PLplot Notes Its 10,000th Commit
iliketrash writes "From the PLplot development team is the announcement of their 10,000th commit: 'PLplot is a cross-platform software package for creating scientific plots that has been in continuous development since its inception 17 years ago. On May 23, 2009 the PLplot developers quietly celebrated our ten thousandth commit since our initial software repository was populated back in May 1992. This longevity puts PLplot in some select company amongst open-source software projects. We may even be unique within this group because all PLplot development has been done by volunteers in their spare time. The enthusiasm for PLplot development continues; we have averaged more than 100 commits per month over the last year which is double our 17-year average, and we are looking forward to the celebration of our next ten thousand commits!'"
It's like a patchset but not thought out as much.
How we know is more important than what we know.
BRL-CAD is about to cross 35,000 commits. Emacs has more than 85,000. GCC has about 12,000 unique over 150,000 commits.
That rounds out the three oldest continuously developed repositories with preserved revision history.
Cheers!
Sean
Hmm, reminds me a bit of R, the plotting part of it, at least. There are a few examples of the kind of plotting you can achieve in R here.
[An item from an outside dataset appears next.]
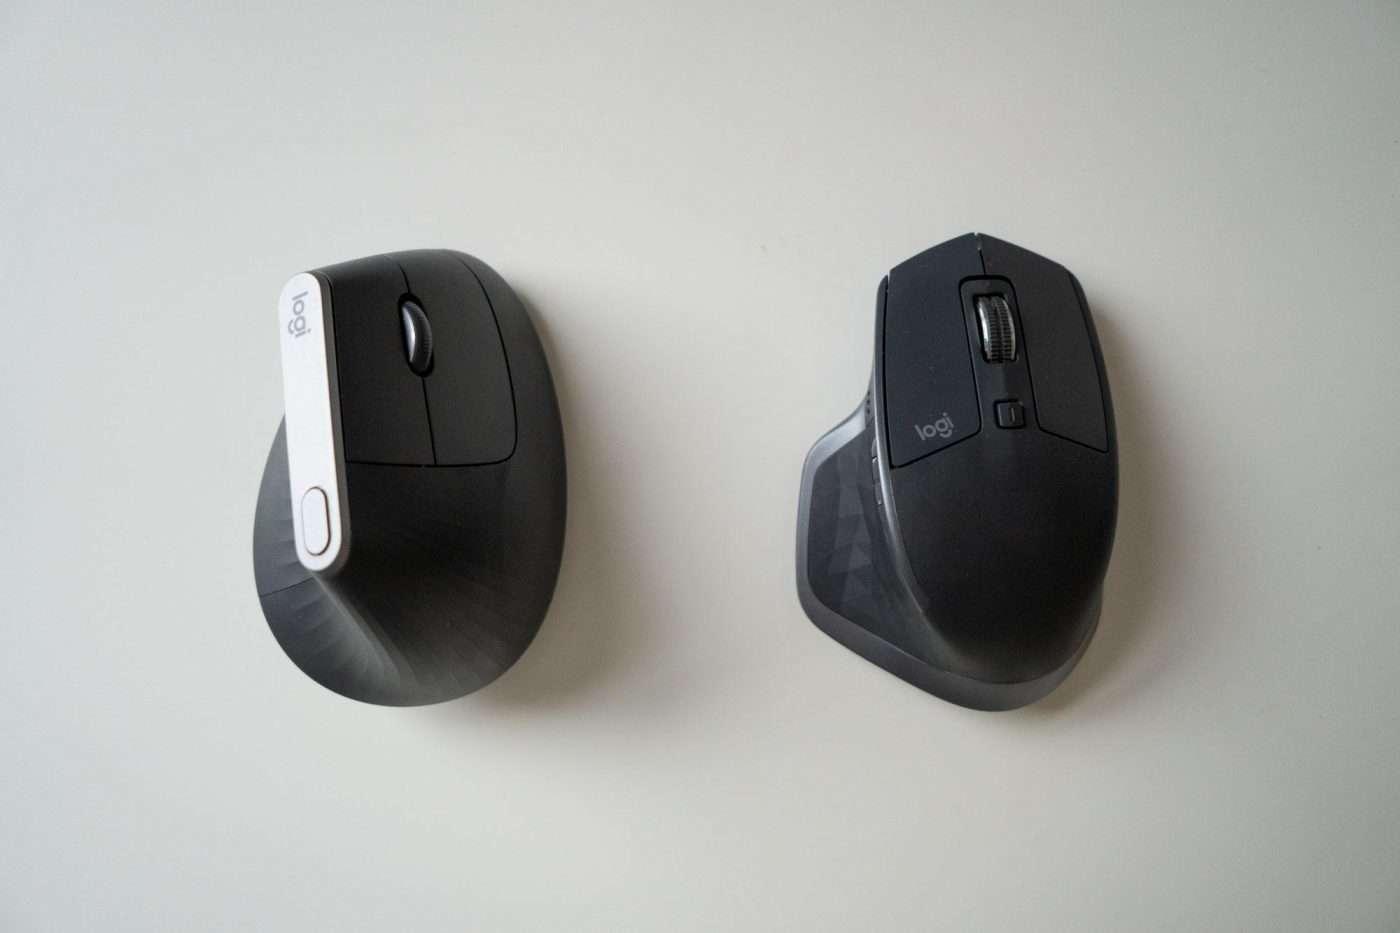 Sore wrists? Logi's MX Vertical mouse can help

There are a plot of quite good open source plotting tools out there. I would consider R useful in as much as it provides powerful data crunching tools to distill your data into something essential to plot, but for plotting alone it is merely adequate. GNUPlot is actually surprisinly powerful and flexible with professional output if you're willing to take the time to learn all it can really do (it's default output can be rather underwhelming). Going outside the box of what GNUplot does easily can be an exercise in extreme contortions of an already slightly arcane language however. matplotlib is one of the best straight plotting tools out there, with a good mix between simple high level plotting, and sane easy to manage low level drawing tools, and good looking default output. CairoPlot is nice for very pretty charts, but is not as flexible as one might like. I'm sure there are more, but I don't happen to know them offhand.